Mists of Avalon - Marion Zimmer Bradley [402]
Morgaine shook her head. “Is Kevin to play at this feast?”
“I have not seen him,” Lancelet said. “The Queen likes him not—the court is grown too Christian for that, though Arthur values him as a councillor and for his music as well.”
She asked him bluntly, “Are you grown a Christian too?”
“I could wish I were,” he said, sighing from the bottom of his heart. “That faith seems too simple to me—the idea that we have only to believe that Christ died for our sins once and for all. But I know too much of the truth . . . of the way life works, with life after life in which we ourselves, and only we, can work out the causes we have set in motion and make amends for the harm we have done. It stands not in the realm of reason that one man, however holy and blessed, could atone for all the sins of all men, done in all lifetimes. What else could explain why some men have all things, and others so little? No, that is a cruel trick of the priests, I think, to coax men into thinking that they have the ear of God and can forgive sins in his name—ah, I wish it were true indeed. And some of their priests are fine and sincere men.”
“I never met with one who was half so learned or so good as Taliesin,” said Morgaine.
“Taliesin was a great soul,” Lancelet said. “Perhaps one lifetime of service to the Gods cannot create so much wisdom, and he is one of the great ones who has served them for hundreds of years. Next to him, Kevin seems no more fit to be the Lord Merlin than my little son to sit on Arthur’s throne and lead his troops into battle. And Taliesin was big enough to make no quarrel with the priests, knowing they served their God as best they could, and perhaps after many lives they would learn that their God was bigger than they thought him. And I know he respected their strength to live chastely.”

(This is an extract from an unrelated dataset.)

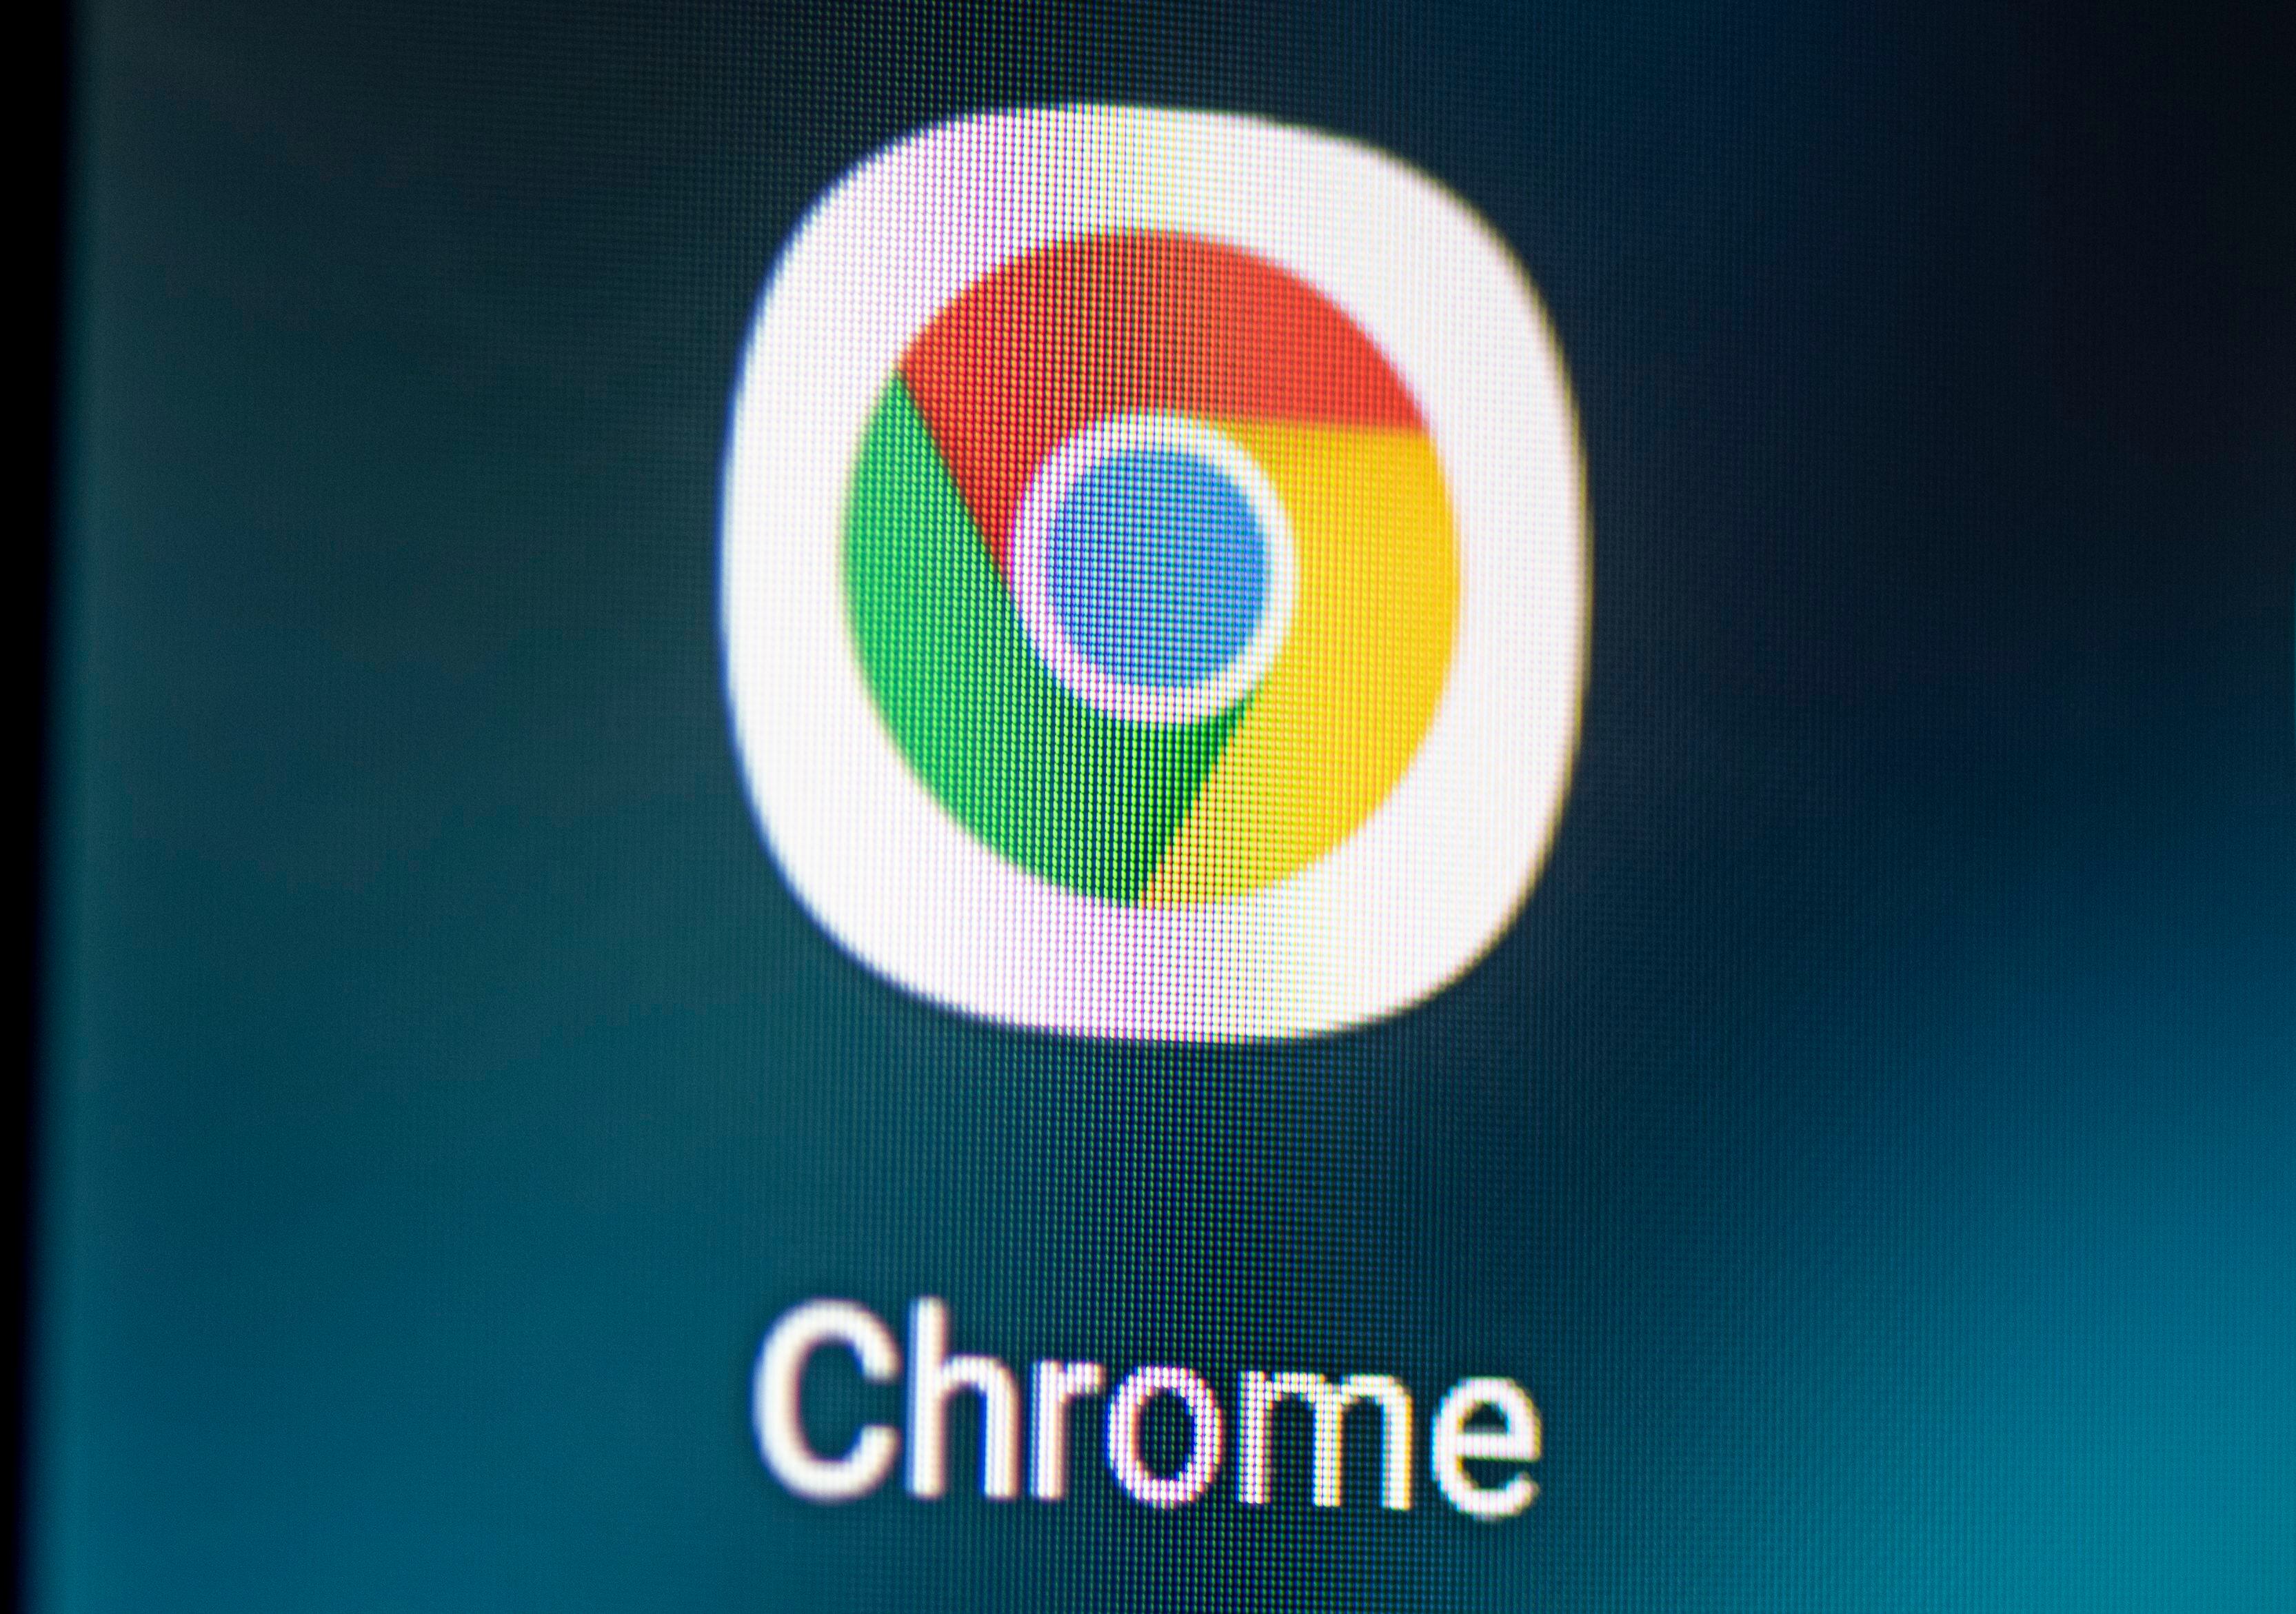 Google Chrome es el navegador web más usado en el mundo en computadores y dispositivos móviles. (dpa)

“That seems to me blasphemy and a denial of life,” said Morgaine, “and I know Viviane would have thought it so.” Why, she wondered, do I stand here arguing religion with Lancelet, of all men?
“Viviane, like Taliesin, came from another world and another time,” said Lancelet. “They were giants in those days, and now we must make do with such as we have. You are so like her, Morgaine.” He smiled, a rueful half-smile, and it wrenched her heart; she remembered that he had said something like this to her . . . nay, she had dreamed it too, but she could not remember all . . . but he went on, “I see you here with your husband and your fine stepson—a credit he will be to the Companions. I always wished you happiness, Morgaine, and for so many years you seemed so unhappy, but now you are queen in your own country, and you have a good son. . . .”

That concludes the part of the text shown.